# G scale construction equipment



## daddog (Jan 15, 2013)

I am planning a layout and would like to have a "dirt spread" as part of the scenery. 1/24 works for my eye even though I know it is not exact for G scale trains. I have cars and trucks in 1/24 but have not located any dozers and scrapers etc in that scale. Have any of you built or bought any thing like that? The ideal models would be D8 Caterpiller dozers and DW21 Cat scrapers, but I would settle for any thing similar and then modify them. Thanks dor any leads or advice ! john dd


----------



## Gary Armitstead (Jan 2, 2008)

John, 

Larry Mosher just had a bunch of construction vehicles listed for sale on another forum. ALL primo stuff and the scale you are looking for. 

Here's the link: http://www.largescalecentral.com/forums/topic/18161/1-25-diecast-construction-equipm


----------



## Ron Senek (Jan 2, 2008)

John 3000toys.com has all kinds of equipment look under railroad scales Ron


----------



## Michael Glavin (Jan 2, 2009)

John,
First Gear, Conrad, NZG, Spec Cast, Gescha, Strenco to name a few offer 1/25 scale die-cast construction equipment… I have amassed a collection of construction equipment International stuff is much more common IMO than CAT stuff and less expensive too!

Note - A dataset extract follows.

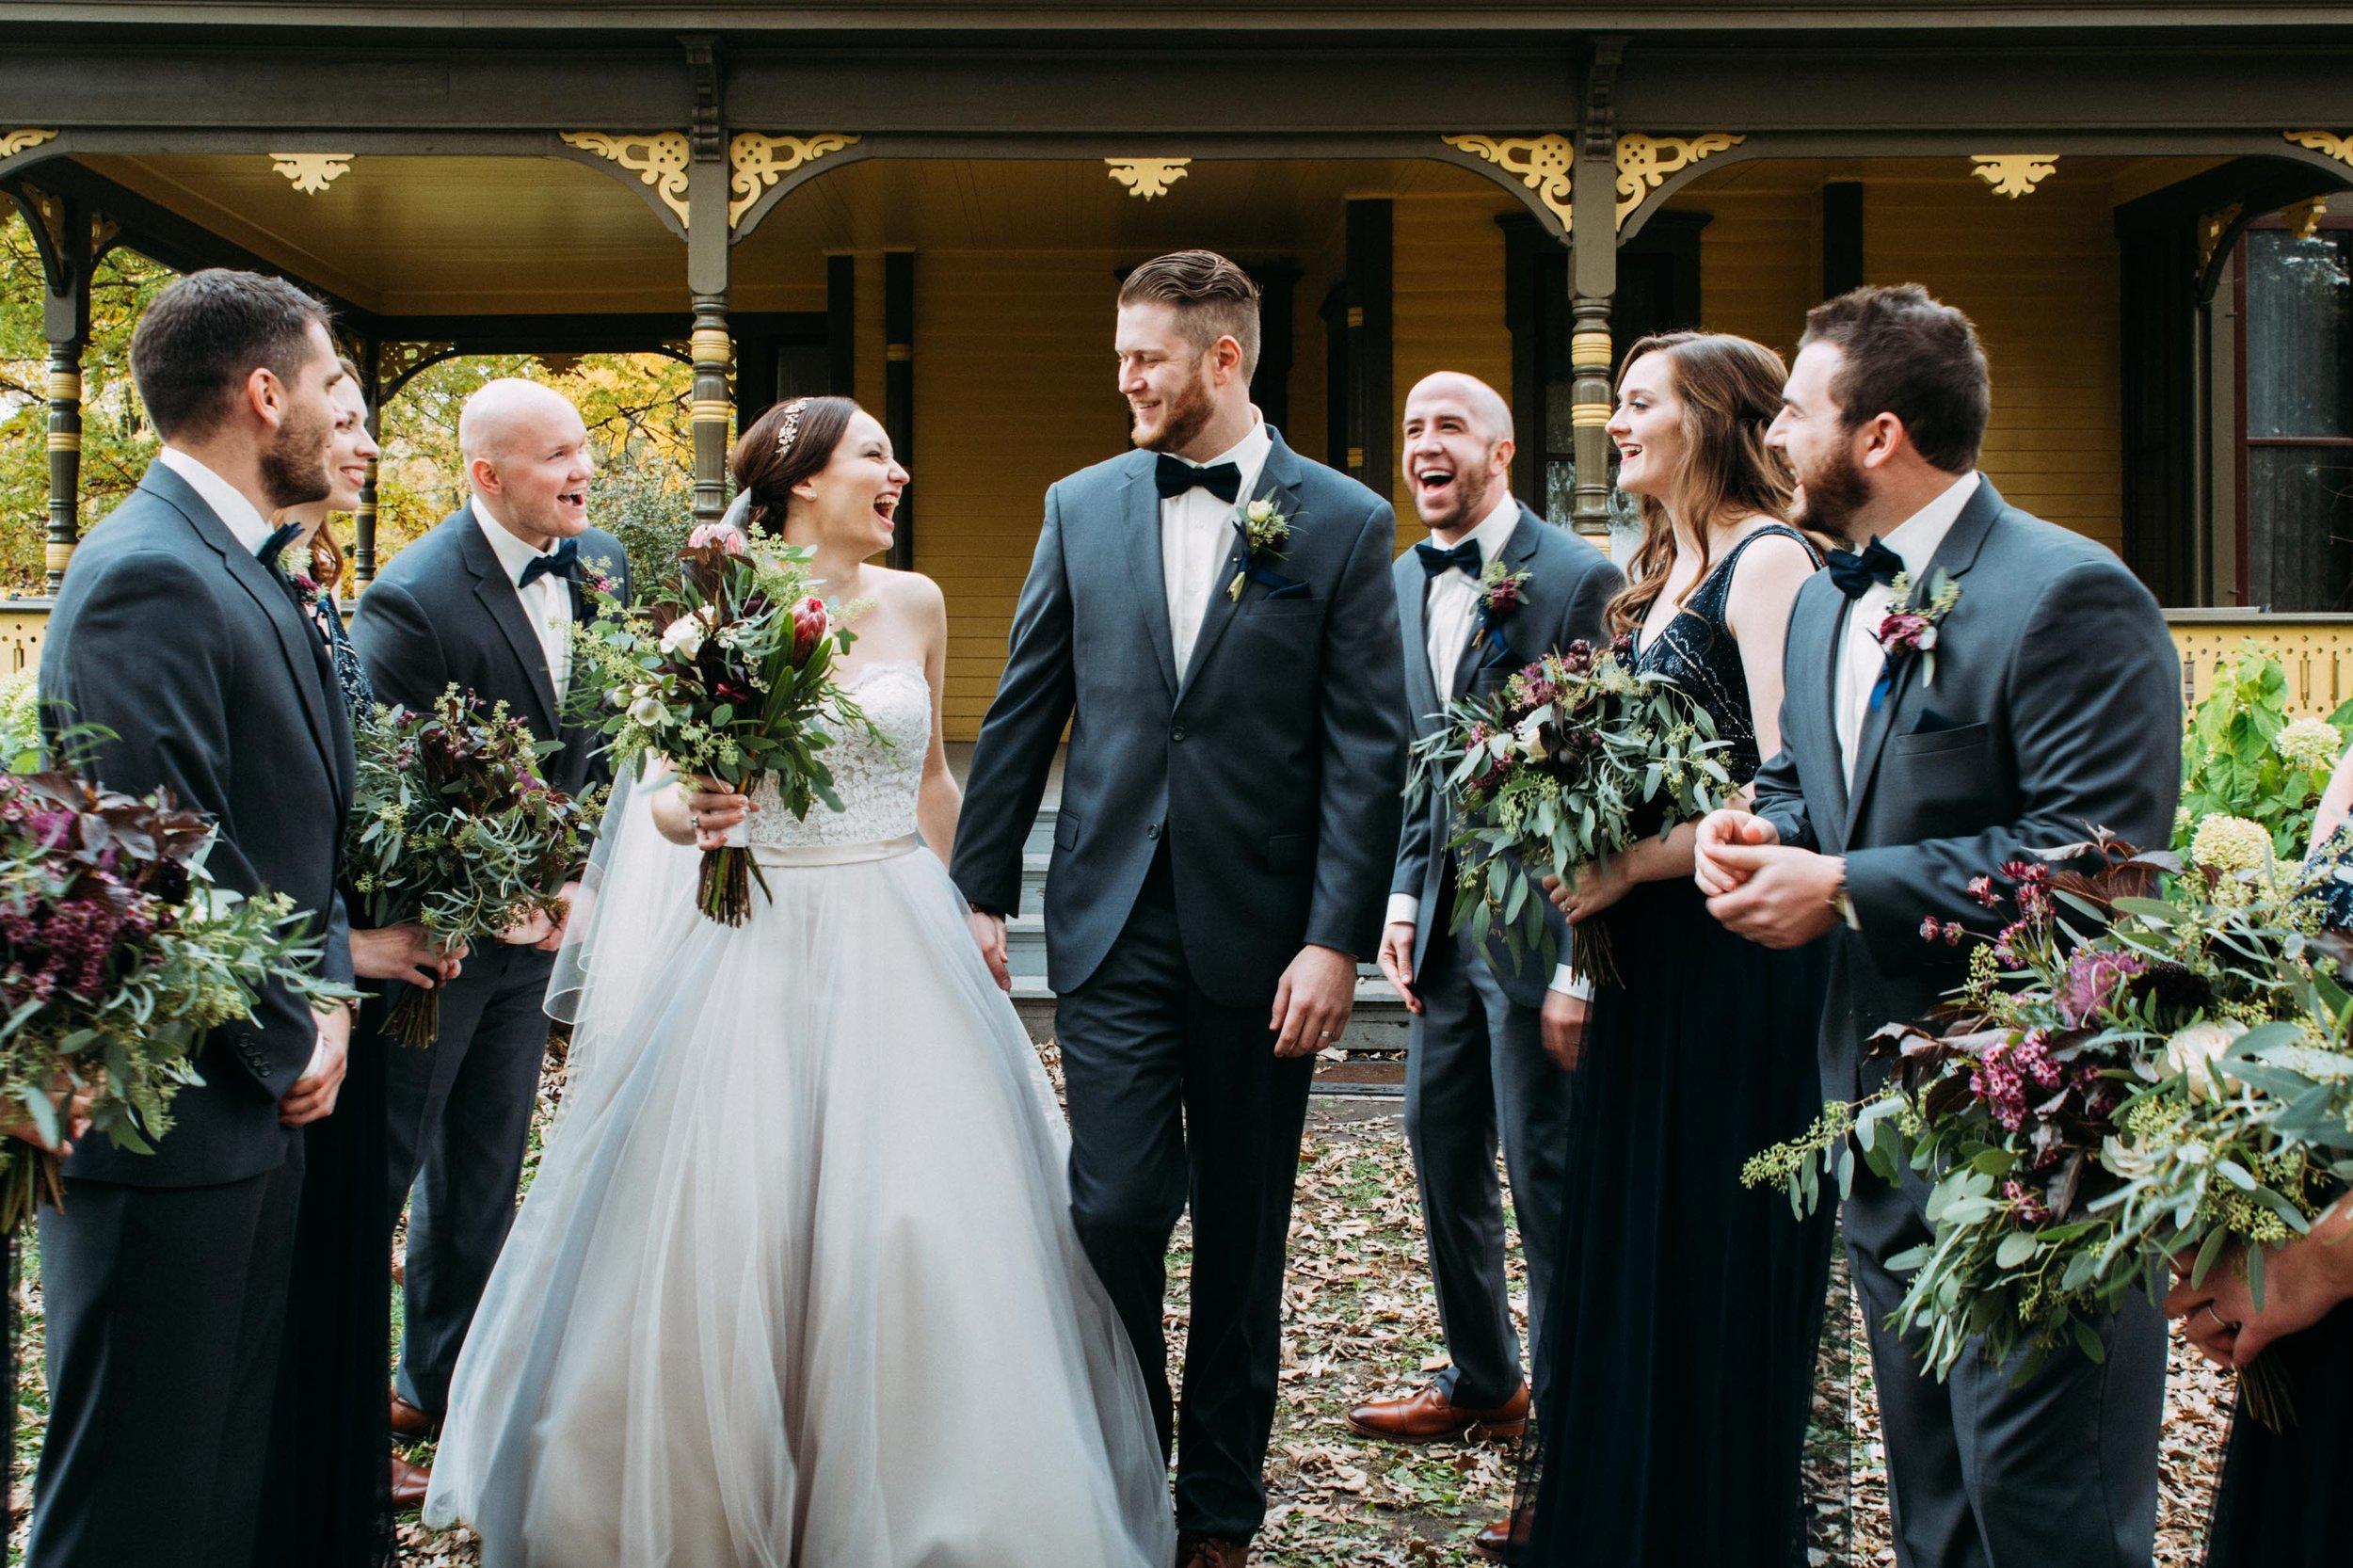 19-Sara_Tom_Wedding_Party_Portraits_Minneapolis_Wedding.jpg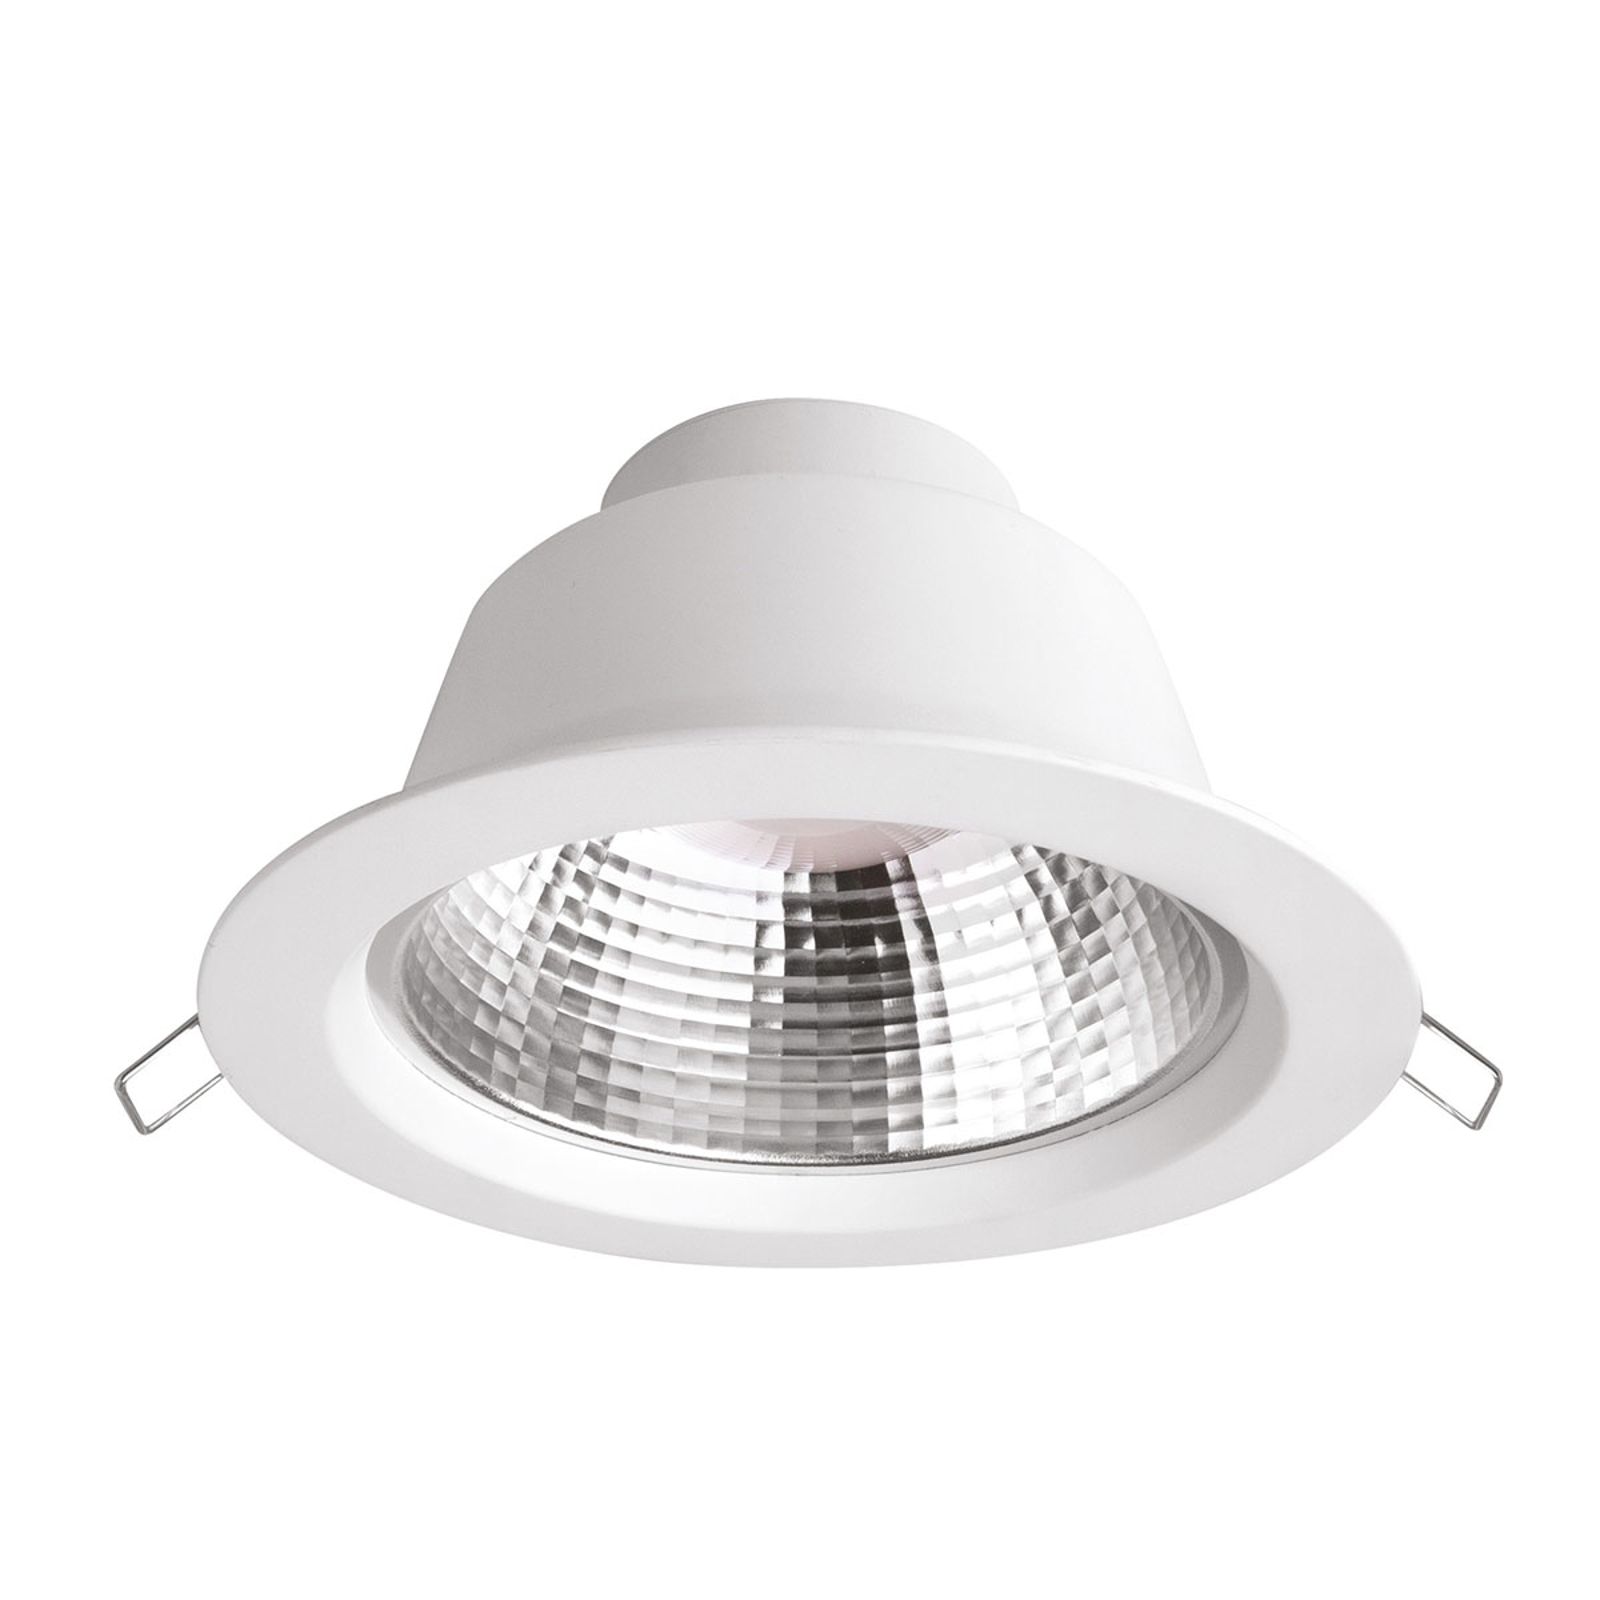 ShopLight Siena LED-indbygningslampe 9,5W, 2.800 K

What eras are you modeling CAT D8’s were introduced in 1937 or thereabouts, D9’s showed up in the mid 50’s. I/H TD-24’s came out in the mid fifties too and the TD-25’s 1959 and thereafter.

Google searches will garner lots of Die-cast dealers, search “1/25 die-cast CAT D8” you’ll get plenty of results, albeit you’re looking at $300.00 or more for anything of CAT origin. First Gear and Spec Cast offer TD-24, TD-25 175 dozer's; anywhere from $75.00 to $300.00 typically.

I find most of my stuff on eBay at discounted prices and buy some stuff from online dealers and my LHS.

Michael


----------



## daddog (Jan 15, 2013)

Gary, Ron, and Michael, Thanks for the input. I will pursue those leads. Michael, ideally the D8 would be "cable" that was before the hydralics replaced them, whatever that would be. Same for the scrapers. DW21 scrapers before the hydralic bowl and apron and ejector replaced the cable operated. CAT equipment of course if possible, from the 50's and 60's. I dont need high quality detailing and they dont need to be operable. plastic models would fit my needs (and price range) perfectly. Thanks guys, I am a new member here and you have made me feel welcome. john dd


----------



## Cougar Rock Rail (Jan 2, 2008)

John, 

First Gear made a D9 tractor and a Cat 491 scraper for the Caterpillar antique owners club. They are beautiful models and the cables from the tractor winch even clip to the lines from the scraper. They also made a D9 with a blade for them too... 

Look here: 
http://www.acmoc.org/store/Scale-Models/c15/index.html?osCsid=399ab81ec5af118c5f9137fab2baafef 

Keith


----------



## Naptowneng (Jun 14, 2010)

As said above, 3000 toys

http://www.3000toys.com/

is a cool site, can search my scale and types, etc. They used to have a very popular Spec Cast International TD-24 Forestry Crawler/Dozer that several on MLS bought on sale but I don't see it any more. Good luck and have fun

Jerry


----------



## Chris_Haon (Dec 28, 2011)

Check to see if you have a Tractor Supply Co. store nearby. They have a decent collection of this type stuff in both 1/24 and 1/32 
each store is different but at the 3 stores close to me I was able to pick up a good array of farm equipment as well as logging trucks, bobcat and excavators.


----------